Помещик 3 - Михаил Шерр
— Да, конечно, я продам вам, Анна Андреевна, этот захудалый край деревни, от которого мне только одни заботы и совершенно нет никакого проку.
Мы решили, что будет правильнее купить всё это крохотное имение, где всего три двора и по данным последней ревизской сказки 1835 года было девять мужиков старше восемнадцати лет, один из которых с тех пор убежал, а другого отдали в солдаты. Детей с тех пор родилось всего двое, и притом девочки.
То есть это почти гиблое место. И земли, кстати, всего ничего: интересующий меня лес, пустошь, которая образовалась совсем недавно. по крайней мере еще перед войной двенадцатого года, это была пашня.
А сейчас в этом крохотном имении всего десять десятин пашни и, правда, почти тридцать сенокосов и лугов, небольшая пустошь и кусок леса.
Конечно, можно было мужиков отпускать на отхожий промысел, но тут срабатывал комплекс собаки на сене, и мужики сидели на печи и почти в буквальном смысле сосали лапу. Хозяйка не давала им заниматься ничем побочным, какое тут может быть отходничество.
Остальная часть деревни вполне себе ничего, земли конечно маловато, например. по сравнению с соседним селом Обухово, но все равно это земля и небо с частью Куровской, где главная беда — это нерадивая хозяйка.
Торговаться мы не стали, и запрошенные двадцать тысяч я выложил тут же. В палате крепостных дел нас ждали. Господин Иванов просто молодец, отлично всё понимает, и в три часа пополудни Анна Андреевна стала полновластной владелицей купленного куска деревни Куровская.
Тут же мы с приказным крепостной палаты и становым приставом поехали в Куровскую, и через два часа Анна официально вступила во владение купленным.
Собранные возле избы старосты мужики и бабы абсолютно равнодушно выслушали сообщение о том, что у них теперь другая хозяйка, но сразу же оживились, когда приказной сказал, что это Анна Андреевна. В толпе прошла волна оживления, и на некоторых лицах появились улыбки.

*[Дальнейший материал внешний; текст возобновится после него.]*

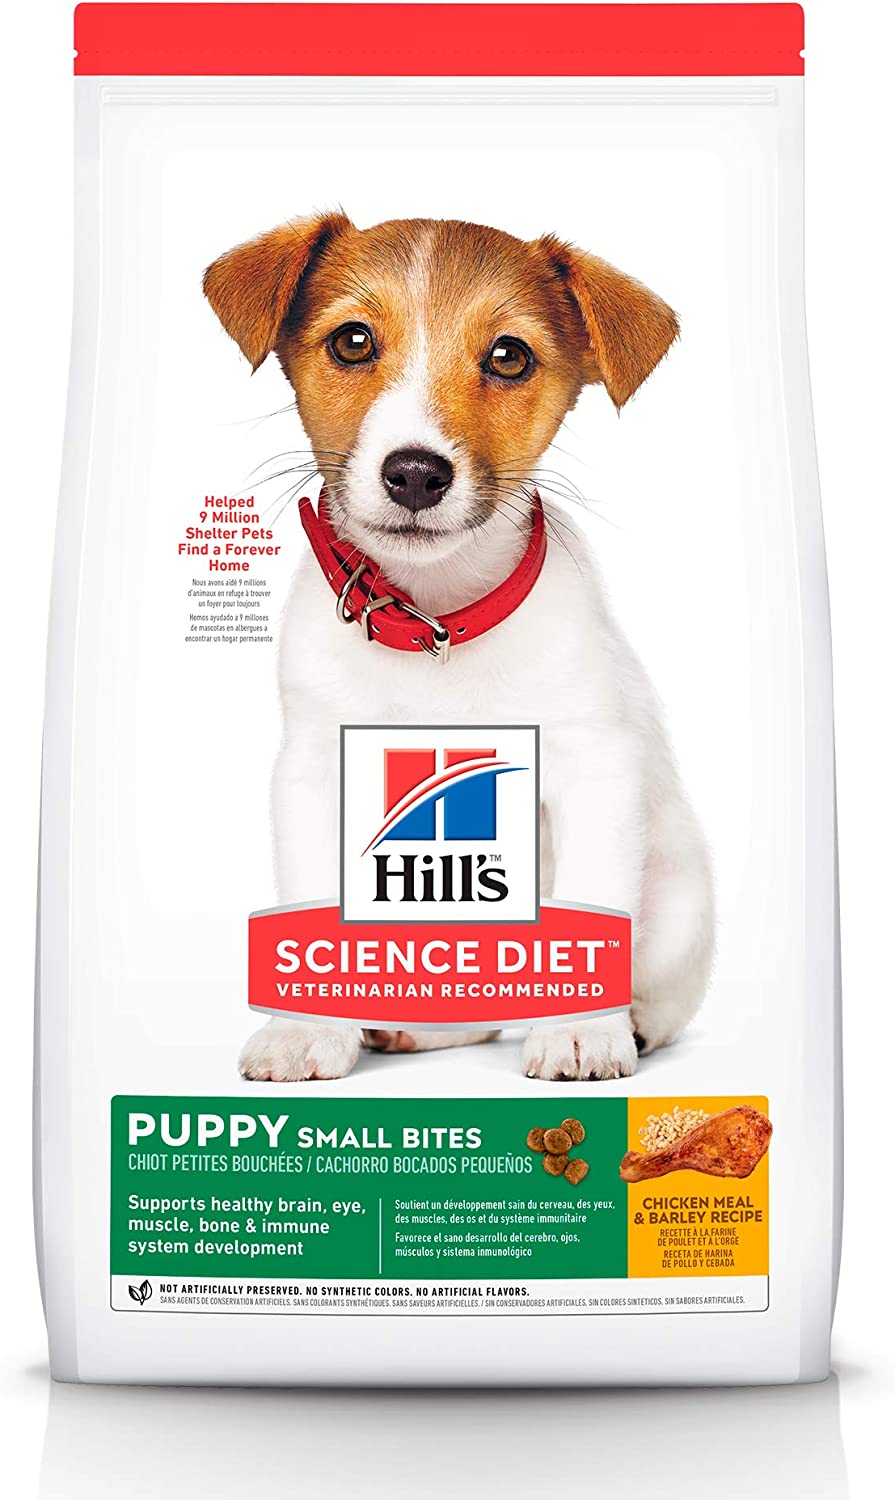 Hill's Science Diet, Alimento para Perro Puppy (Cachorro) Small Bites, Seco (bulto) 2kg

А староста, седой старик с клюкой, неожиданно в пояс поклонился новой барыне.
В Калугу Анна возвращалась необычно притихшая, мне даже показалось, что у неё на глазах стоят слёзы.
Подъезжая к Калуге, Анна непривычно дрожащим голосом сказала:
— Мой батюшка всегда возмущался, что император Александр оказался неблагодарным монархом и не дал воли своему народу, спасшему его и Отечество. Крестьяне ведь такие же люди, как и мы. Разве новорождённого дворянина можно отличить от крестьянина? Даже государи такие же, когда их принимает акушерка. Как можно доводить своих мужиков и баб до такого, что у них такие потухшие глаза и они, наверное, даже разучились улыбаться?

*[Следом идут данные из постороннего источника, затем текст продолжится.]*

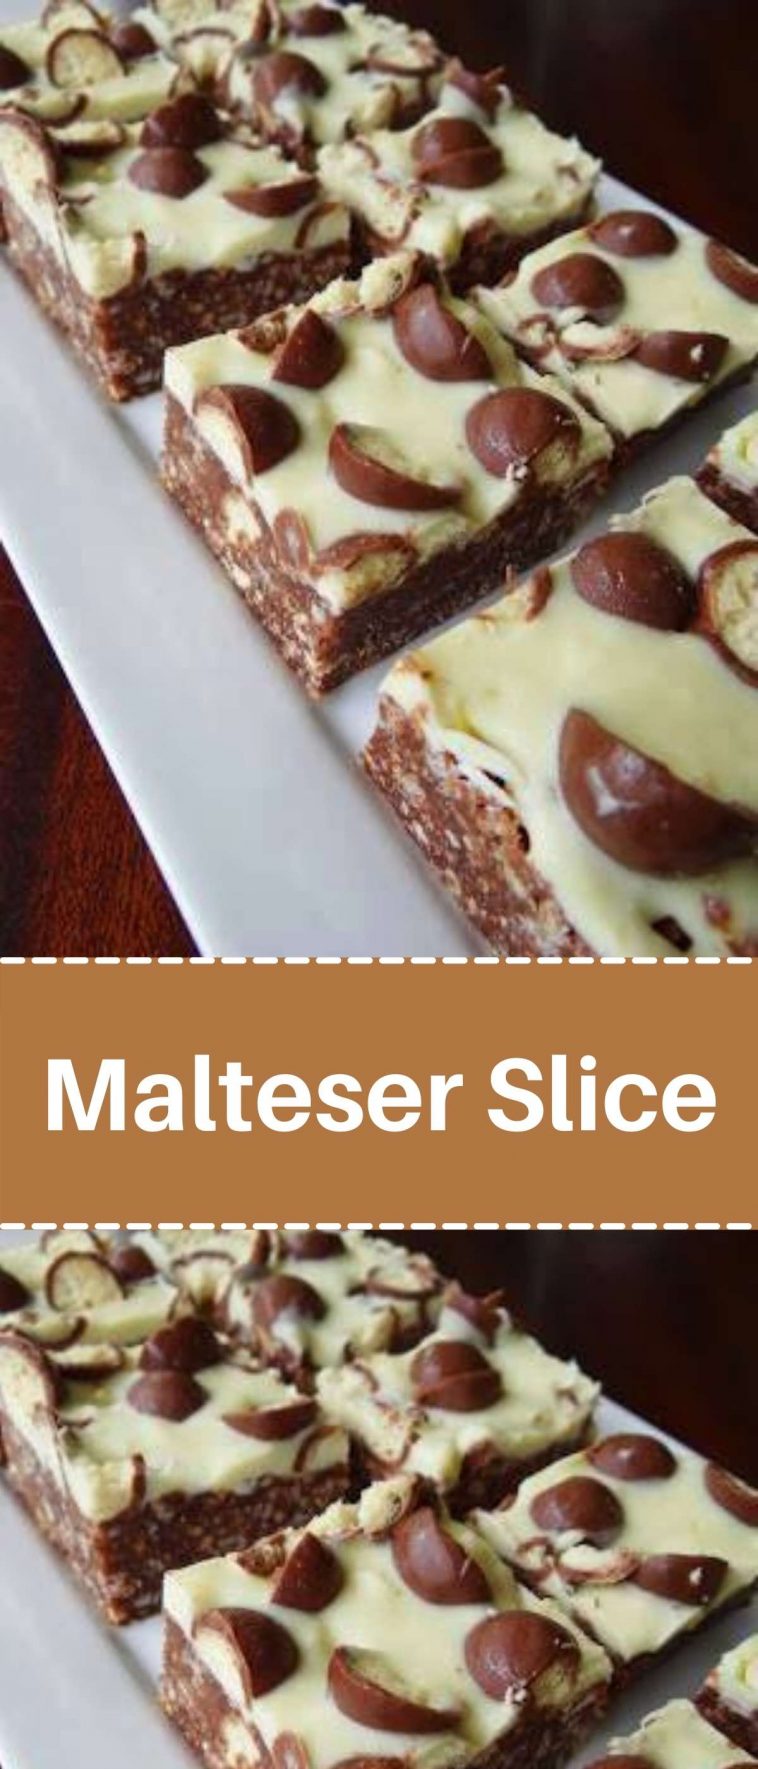 Malteser Slice

Когда я собрался отправить посыльного к Константину Владимировичу, Анна попросила:
— Саша, пригласи, пожалуйста, господина Соловьёва к нам, а не в ресторан. Я не хочу сегодня идти туда.
Против такого предложения я ничего не имел, и через час мы принимали гостя у нас в нашей скромной гостиной.
Ужин немного задерживался. Константин Владимирович был большим любителем сибирских пельменей. Поста он не держал, но сегодня пельменей в меню не было, и Анна распорядилась приготовить их специально для нашего гостя. Ожидая, когда принесут ужин, мы прошли в кабинет.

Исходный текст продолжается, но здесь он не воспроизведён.